# Interview with Patrick Rothfuss



## Boneman

Patrick Rothfuss had done 11 interviews in the 2 days previous to this one and generously allowed SFFChronicles to conduct yet another!


*Pat, 13 years of writing and submitting, rejected by every known agent and publisher in the universe, there must have been times when you wanted to give up. What kept you going?*

You know, actually I didn’t want to give up. When people say to me they want to be a fantasy novelist for a living, it doesn’t really strike me as a career, it doesn’t sound like an intelligent choice that you made for your life, more a choice you make from the heart. It’s sort of like saying “what’s your career plan?”  “Oh, I’m going to win the lottery.”

The truth is, most people who start novels don’t finish them and most people who finish them don’t sell them and those that do don’t get to do it as a day job. And I knew that, I knew that pretty right from the off.

When people tend to expect publication and money and celebrity and that’s what their goal is, then anything less than that is going to feel like failure. I knew that I was never going to be published, so I was just writing, to write a good book that I loved, and because of that I did not experience disappointment and disillusionment.


*So essentially, there wasn’t that goal in mind, but when you finally got ‘the deal’ how did that feel?  *

When it happens and people go “Oh! Overnight success! Patrick Rothfuss is getting printed, all those reviews and it came out of nowhere.” That’s not really it, because if all of this stuff had happened in a two week span it would have been overwhelming, but that’s not how it works.

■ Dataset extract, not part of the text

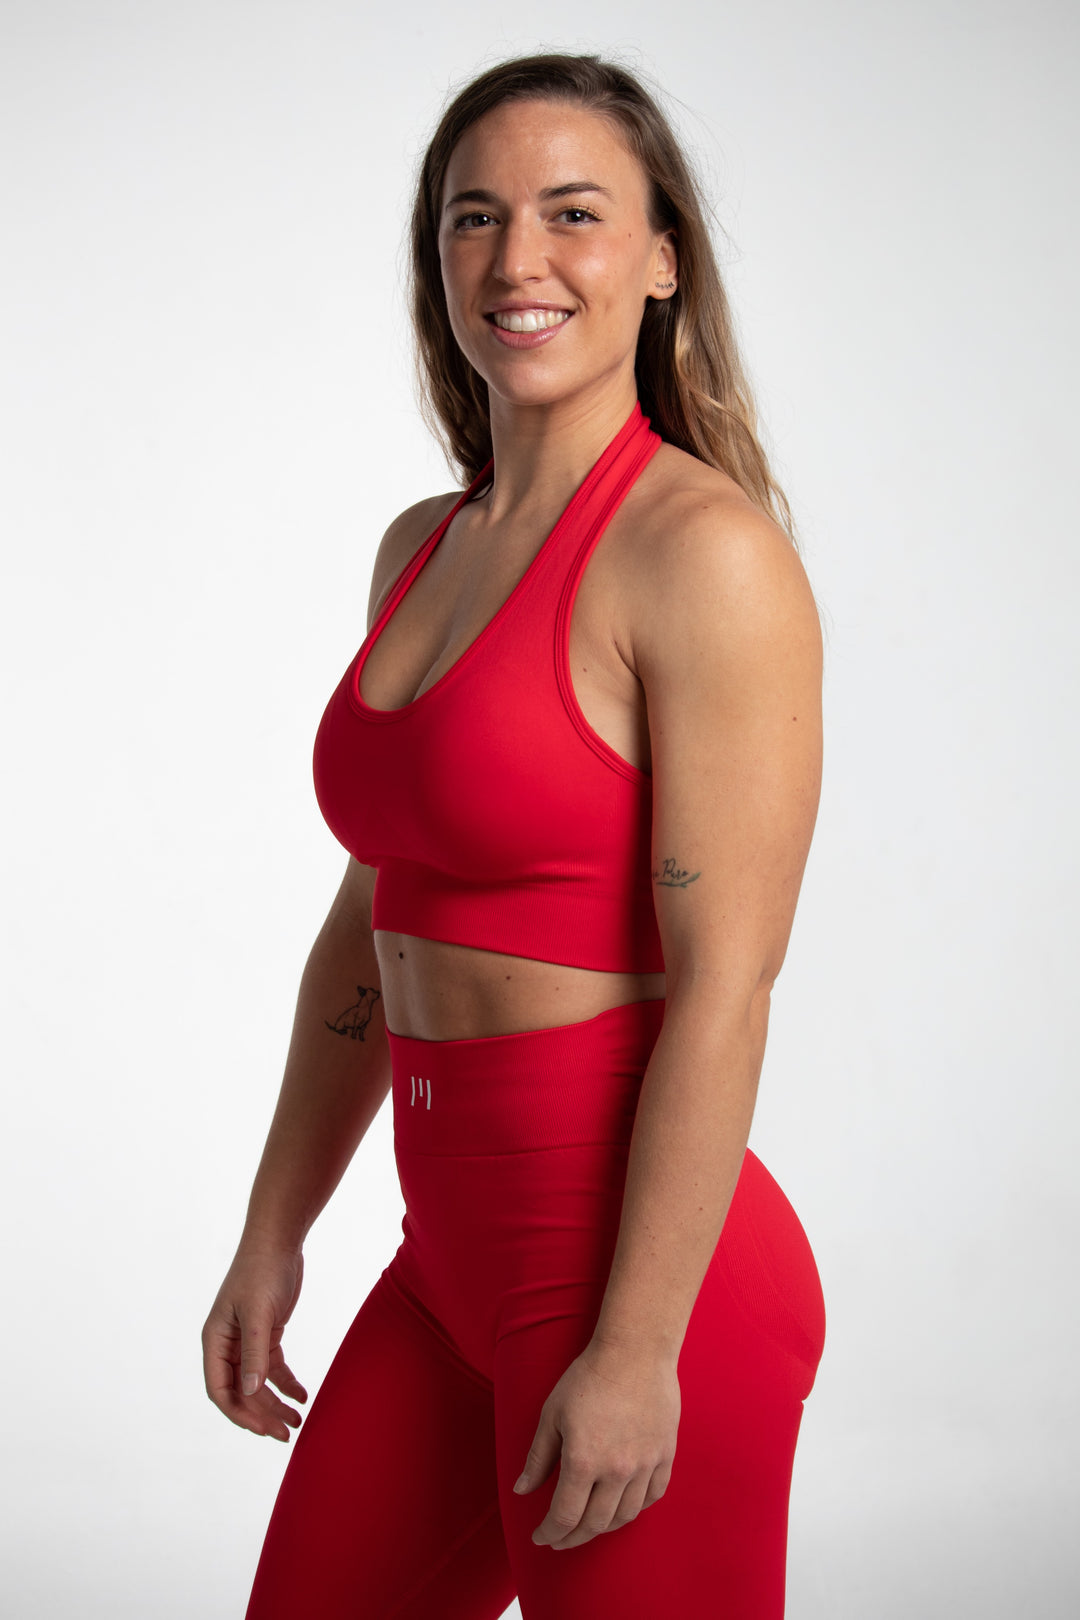 LYOM™ Invincible Top - Passion Red

What happens is you meet somebody and they say they can introduce you to somebody, and you meet that person and you send an email and you wait four or five days and then you talk to them some more and then send a piece of the manuscript and you wait another two weeks and the whole process is extraordinarily slow.

You know, I had the agent in 2002 and The Name of the Wind didn’t hit the shelf until 2007. So at what point did I go “Ye!” Well, it’s not like somebody shows up at your house with a big cheque, it’s more an ongoing process over a long period of time.

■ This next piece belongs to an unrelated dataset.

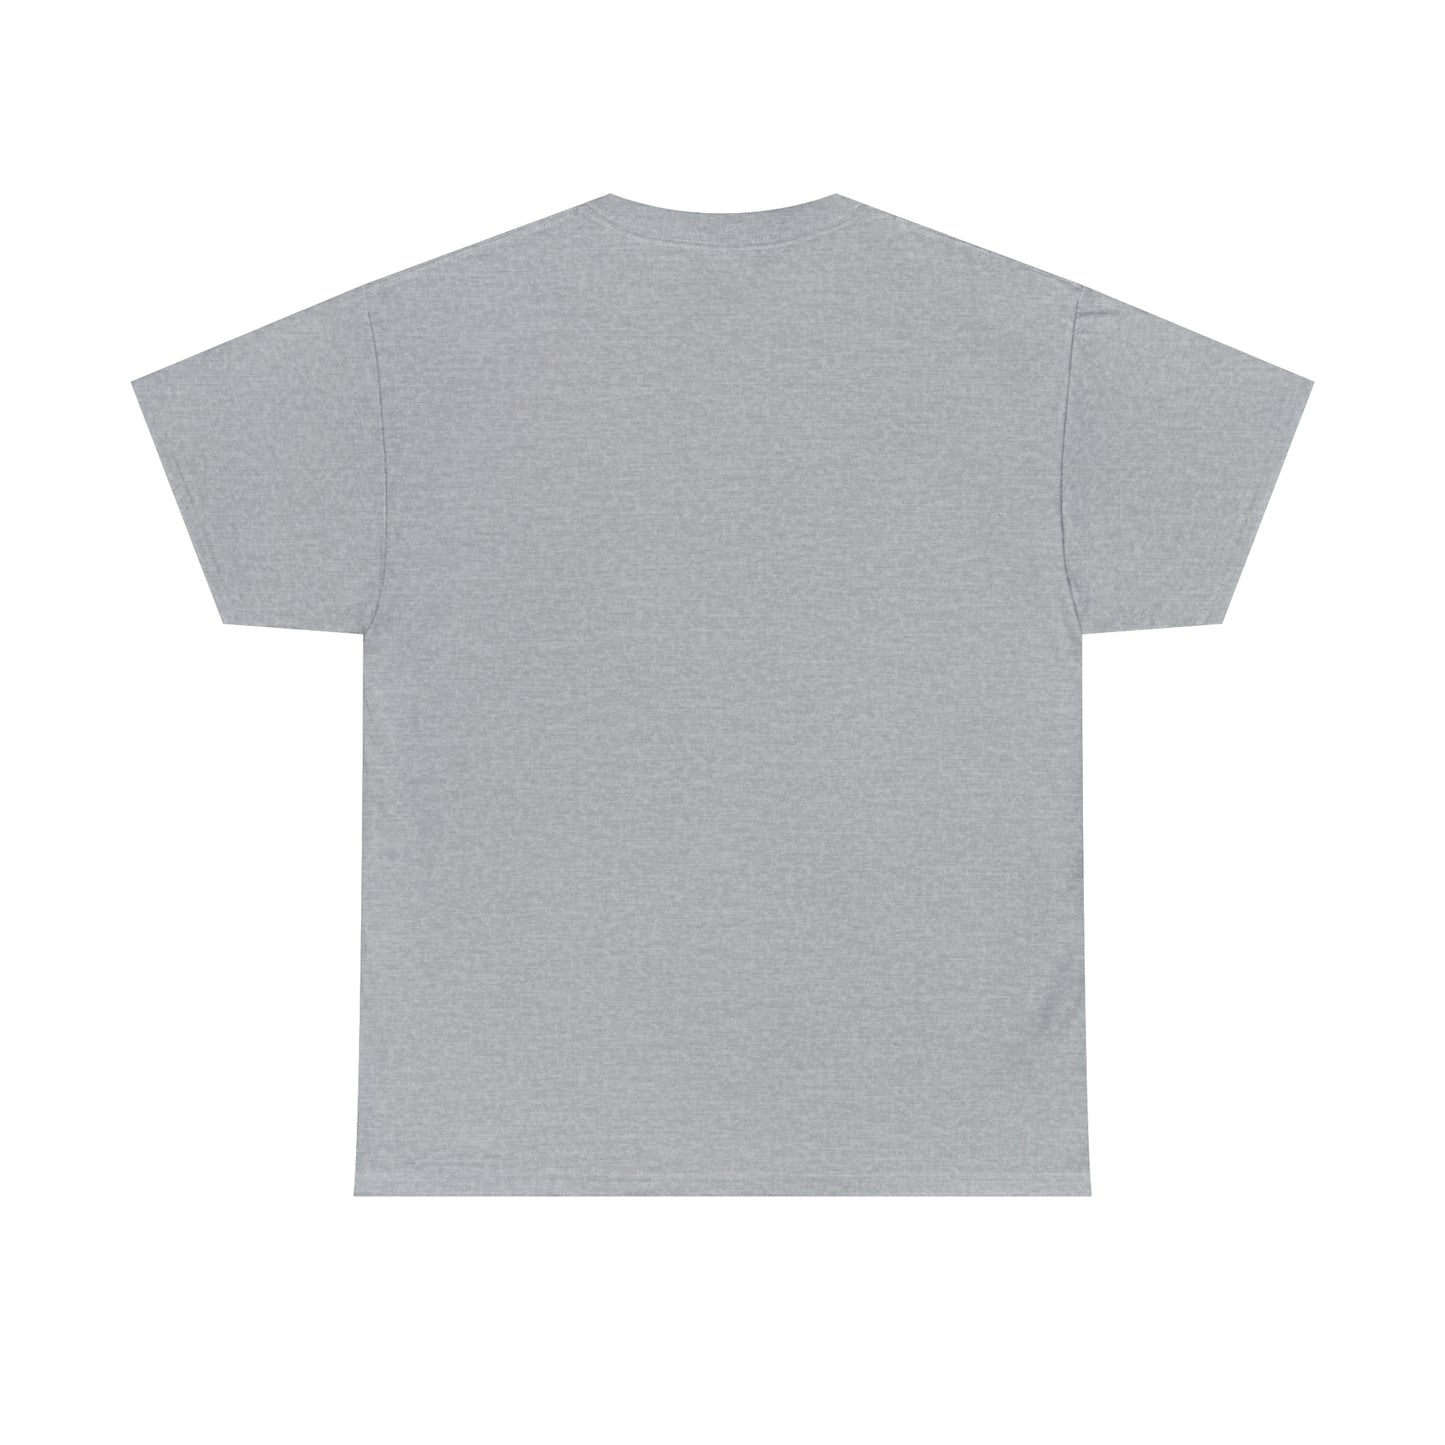 Flat back view of the Sport Grey t-shirt

*We know from your blog that you enjoy reading to Oot and Cutie Snoo, how important is the essence of oral storytelling? You’ve invoked it cleverly in the books, because Kvothe is speaking his story to Devan, was that a deliberate thing or by chance? *

Most of what I do is fairly deliberate and that oral storytelling is part of that. We have literature and things get written down, and most of it is artificially induced, but the most natural form of storytelling is person to person. 99% of all storytelling that exists is verbal, and I don’t think that’s changed because of the internet for instance, it’s the most natural raw form of storytelling.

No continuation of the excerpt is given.